Life, my friends, is beautiful.
Also, The Mr. is engaged.
I suppose it's serendipitous (or perhaps a little more divinely orchestrated) that I should be in such a lovely place in my life when I found out this news. In fact, I was on a date with Captain Amazing who happens to be a Bio Psychology major and an advocate for the power of training the mind not to focus on things that will only hurt you. "That's so crazy! It's okay though. You'll be fine." Was all I got from him.
When I balked at that and said, "Don't you think this is a big deal? I mean, it's totally nuts!"
He said, " I don't want you to be hurt. Thinking about it will only hurt you. Let's talk about tonight."
And that was that.
So, a brief recap of lessons learned from my six week hiatus from this blog:
1. Don't ever give up the search for your happy place.

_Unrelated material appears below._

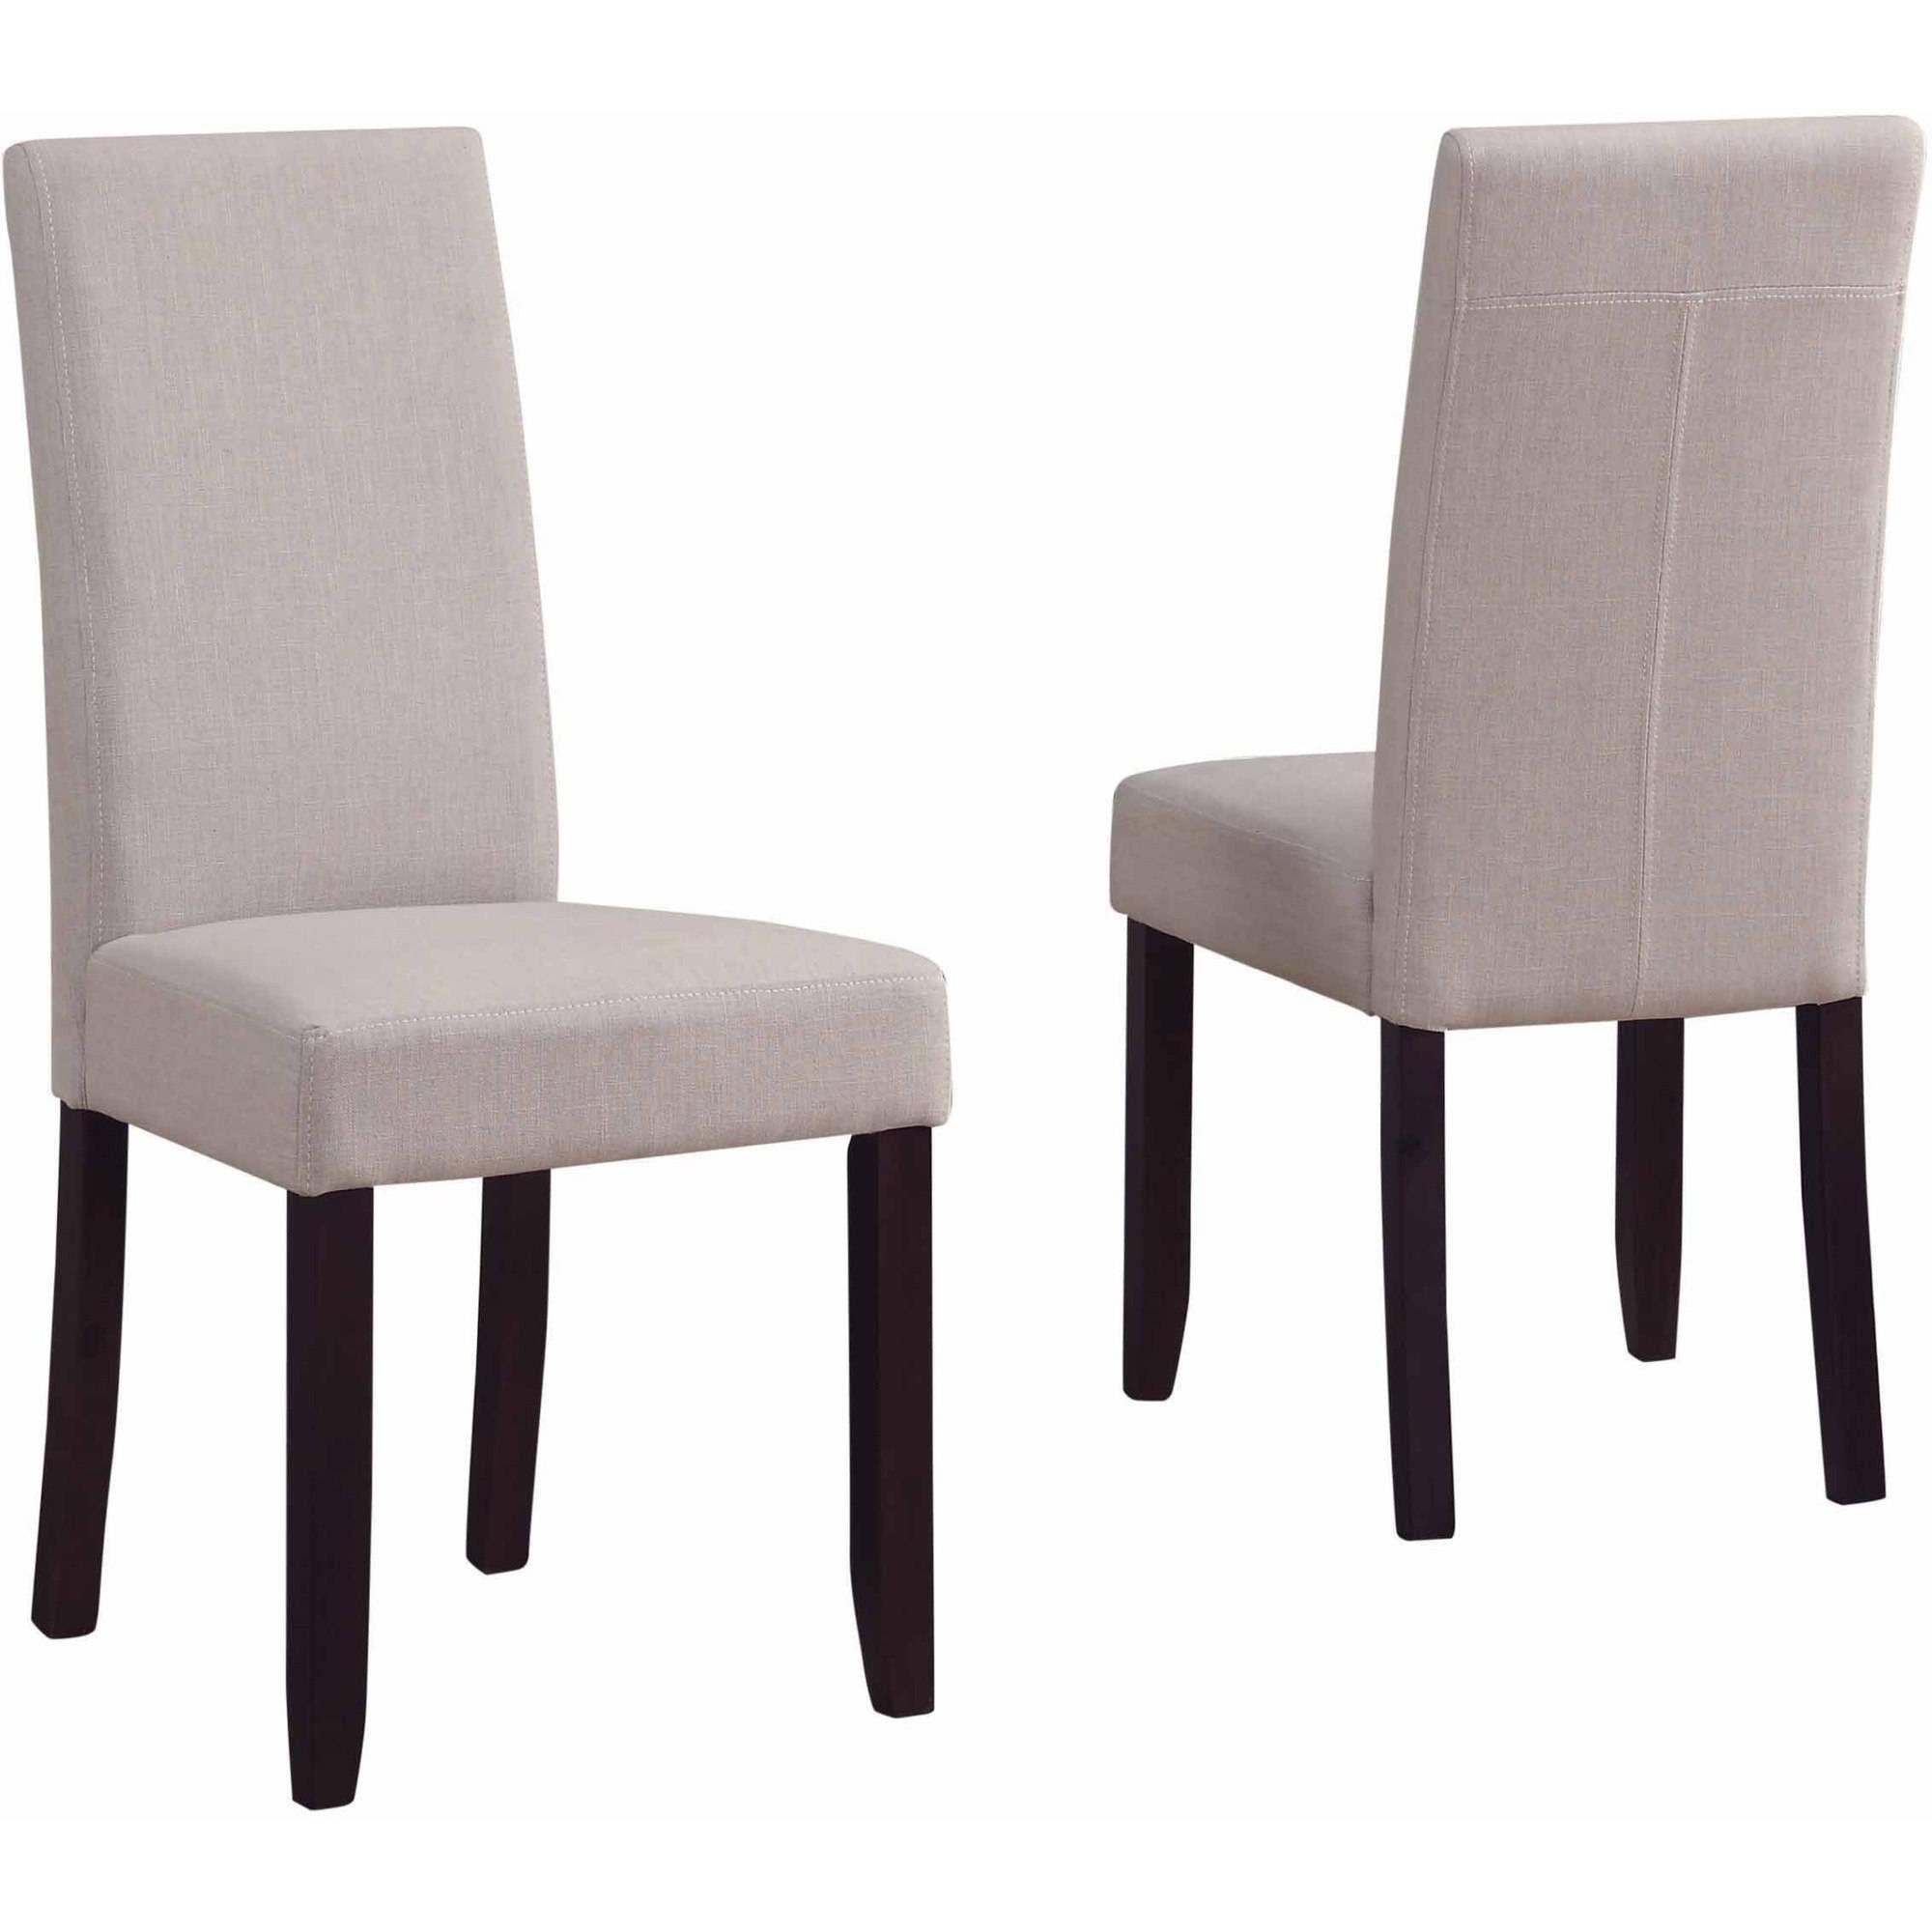 Brooklyn + Max Brunswick Parson Dining Chairs, Set of 2 - Walmart.com
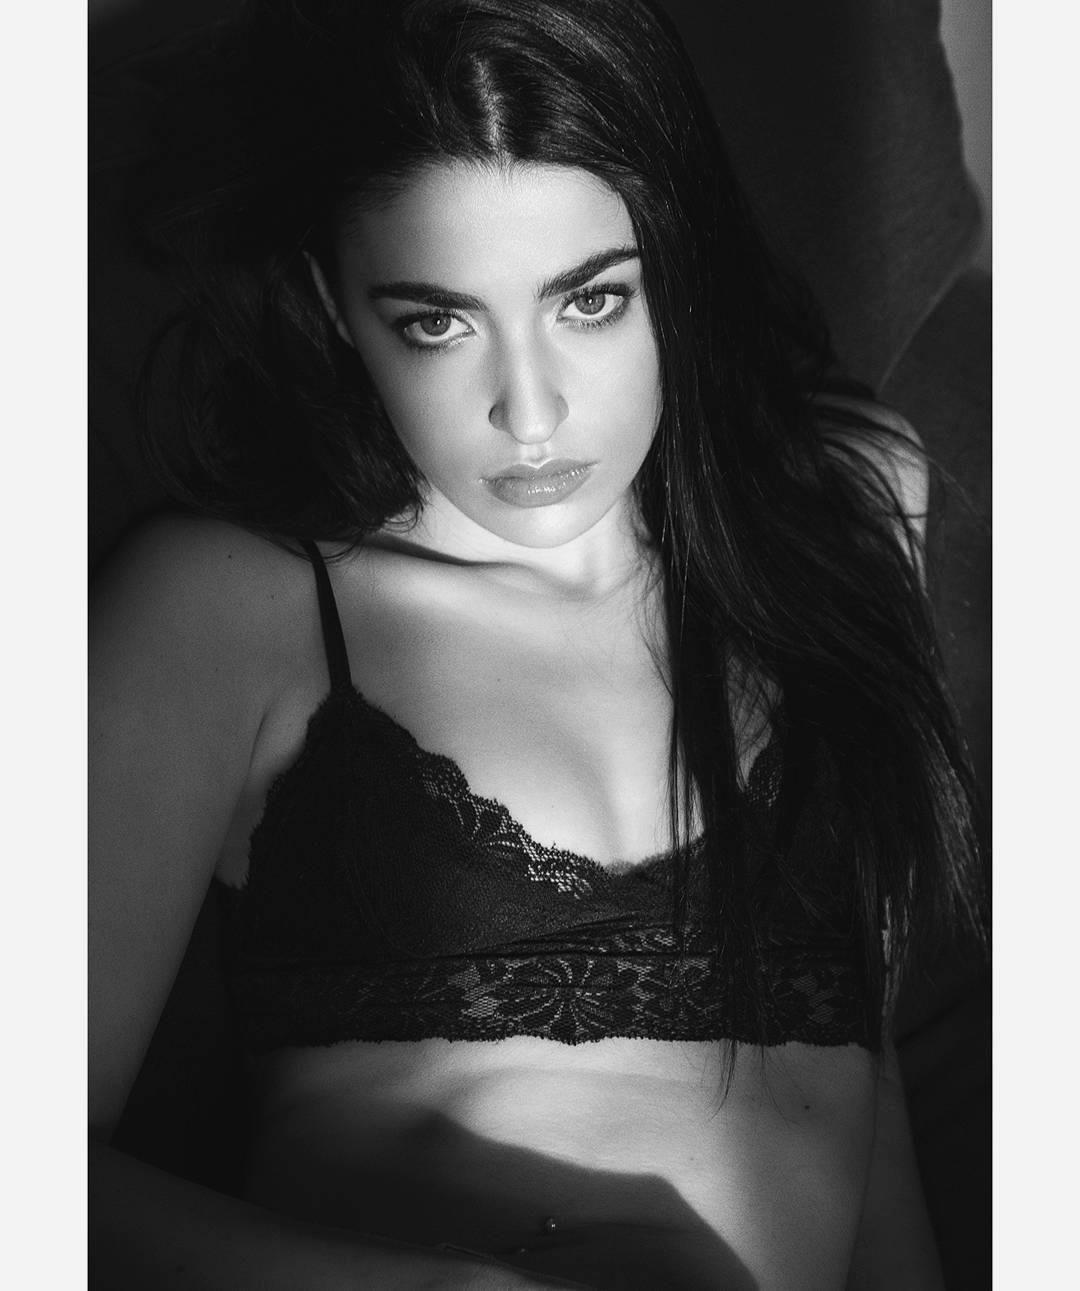 from @diego_durden | Photo by @diego_durden #model @carlotitasierra to @wantedagency #makeupartist @sanrami / #newface #test #fashionphotographer #portrait #instafashion #beautiful #modelo #mood #attitude #photographer #blackandwhite #blogger #bnw #makeup #mua #monochrome #cute #fashion #instagram #beauty #gorgeous #testmodel #boudoir #fashionphotography | November 24 2016 {from |via }Insta

There is balance and beauty in the world that is yours for the cultivating.
2. Sometimes when you think it's really, really, really important to wait one full year after your divorce to date anyone a handsome philanthropist comes along and changes your mind, and that's okay.
3. There is no telling what your ex will do, and some of it will likely piss you off or make you crazy, there's nothing we can do about that. We most certainly can, however, choose how we respond. Choosing to cultivate healthy thought patterns and avoid rumination is a good choice.
Upcoming posts will undoubtedly cover the blissful, terrifying madness that is trying to find the balance between protecting oneself and allowing oneself to be loved post traumatizing divorce, and more details about dealing with an ex getting remarried in all its glory.
For today, happy sabbath, and aloha.